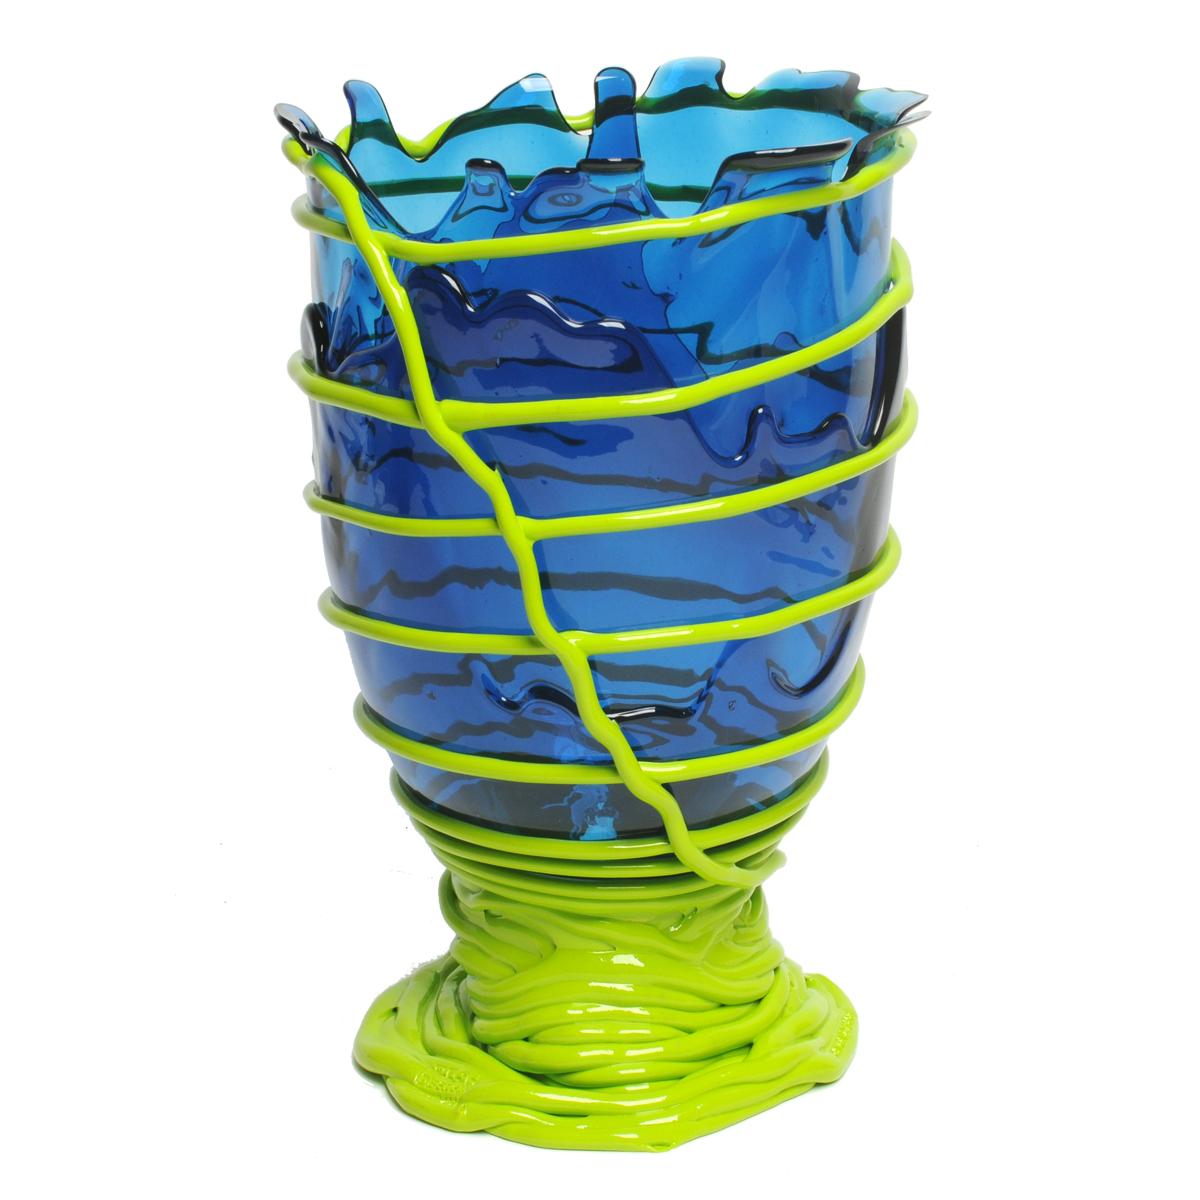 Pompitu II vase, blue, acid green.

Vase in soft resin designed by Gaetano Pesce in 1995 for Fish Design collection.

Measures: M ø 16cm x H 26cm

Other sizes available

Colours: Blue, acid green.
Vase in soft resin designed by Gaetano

^^^^

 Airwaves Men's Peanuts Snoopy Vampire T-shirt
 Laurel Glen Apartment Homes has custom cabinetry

^^^^

What you will do
In the listing above, find every line with the word "resin" and copy it.

Solution for this problem
Vase in soft resin designed by Gaetano Pesce in 1995 for Fish Design collection.
Vase in soft resin designed by Gaetano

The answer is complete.